Alors, il trembla… Était-ce simplement la vanité qui avait provoqué son bon mouvement de tout à l’heure, ou le désir d’une nouvelle sensation, comme le lui avait suggéré lord Henry, avec un rire moqueur ? Oui, ce besoin de jouer un rôle qui nous fait faire des choses plus belles que nous-mêmes ? Ou peut-être, tout ceci ensemble ?…

Pourquoi la tache rouge était-elle plus large qu’autrefois ! Elle semblait s’être élargie comme la plaie d’une horrible maladie sur les doigts ridés !… Il y avait du sang sur les pieds du portrait comme si le sang avait dégoutté, sur eux ! Même il y avait du sang sur la main qui n’avait pas tenu le couteau !…

Confesser son crime ? Savait-il ce que cela voulait dire, se confesser ? C’était se livrer, et se livrer lui-même à la mort ! Il se mit à rire… Cette idée était monstrueuse… D’ailleurs, s’il se confessait, qui le croirait ? Il n’existait nulle trace de l’homme assassiné ; tout ce qui lui avait appartenu était détruit ; lui-même l’avait brûlé… Le monde dirait simplement qu’il devenait fou… On l’enfermerait s’il persistait dans son histoire… Cependant son devoir était de se confesser, de souffrir la honte devant tous, et de faire une expiation publique… Il y avait un Dieu qui forçait les hommes à dire leurs péchés sur cette terre aussi bien que dans le ciel.
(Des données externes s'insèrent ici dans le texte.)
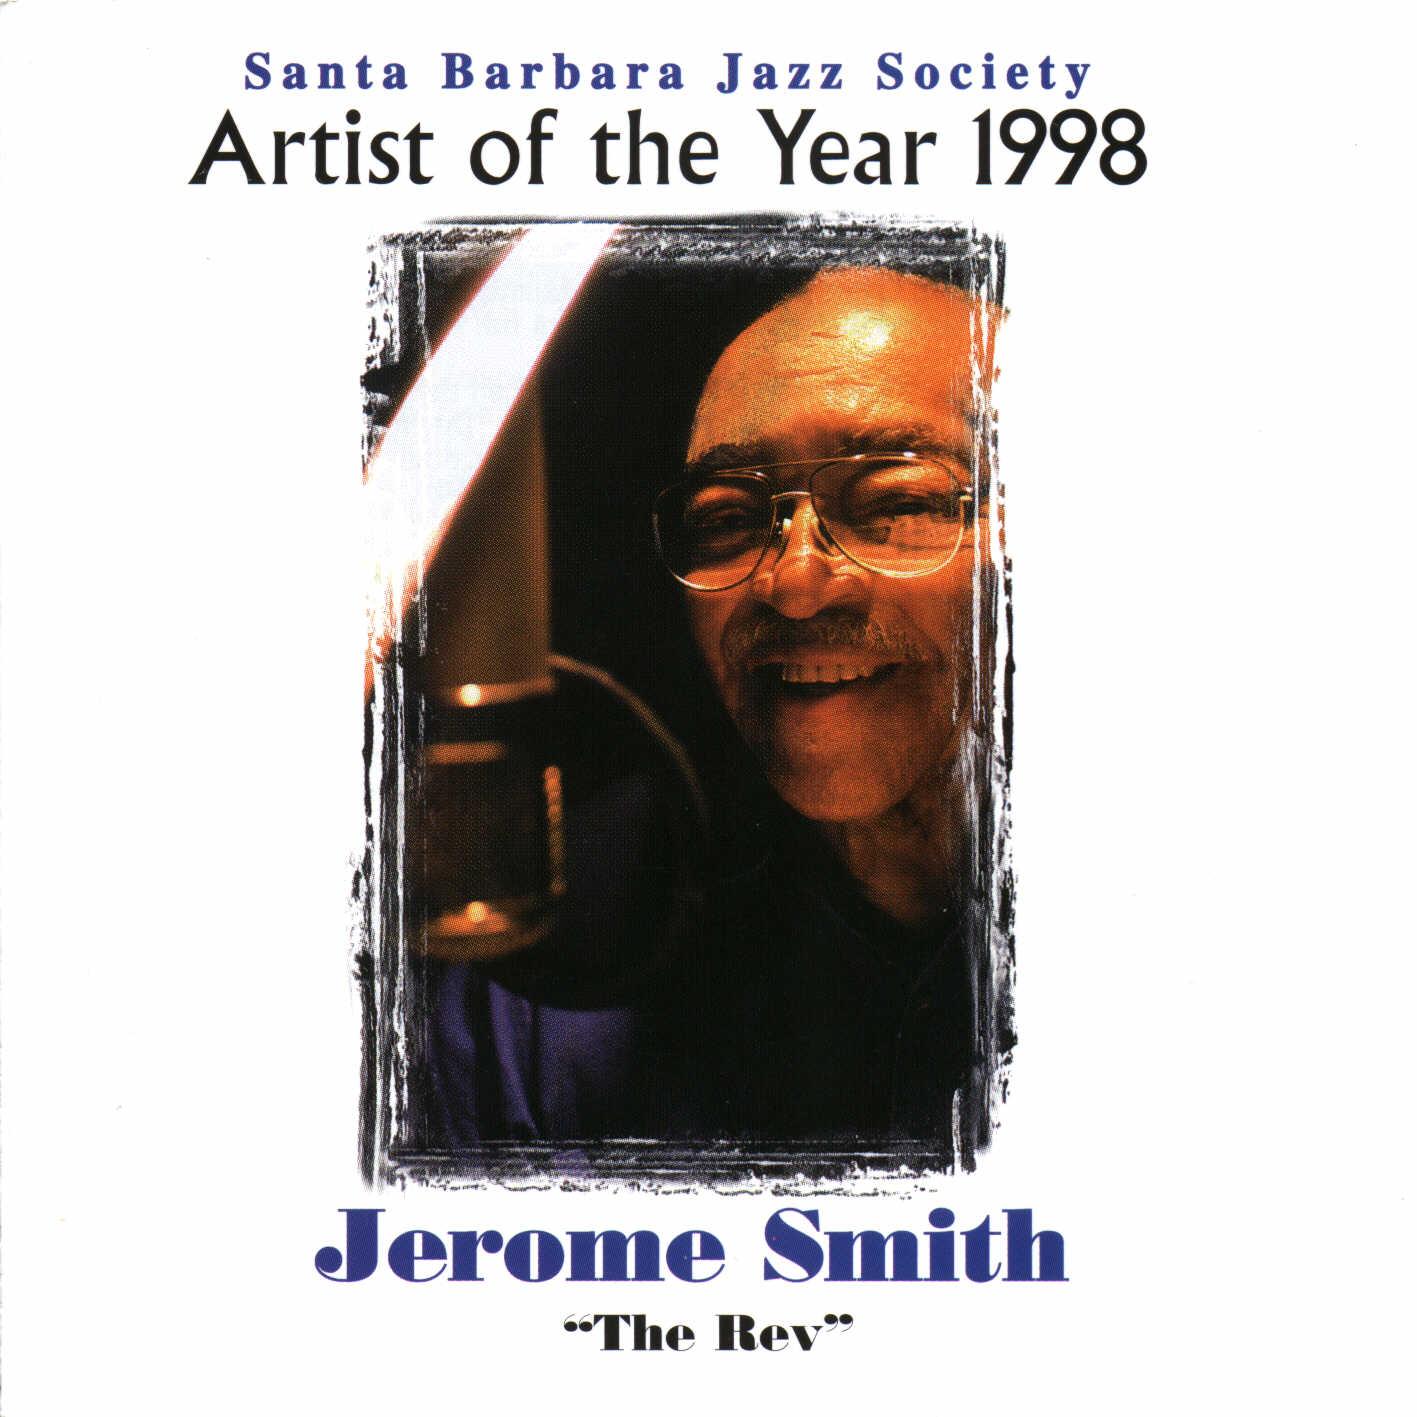 Jerome Smith CD cover.JPG (178313 bytes)

Quoi qu’il fît, rien ne pourrait le purifier jusqu’à ce qu’il eût avoué son crime…

Son crime !… Il haussa les épaules. La vie de Basil Hallward lui importait peu ; il pensait à Hetty Merton… Car c’était un miroir injuste, ce miroir de son âme qu’il contemplait… Vanité ? Curiosité ? Hypocrisie ?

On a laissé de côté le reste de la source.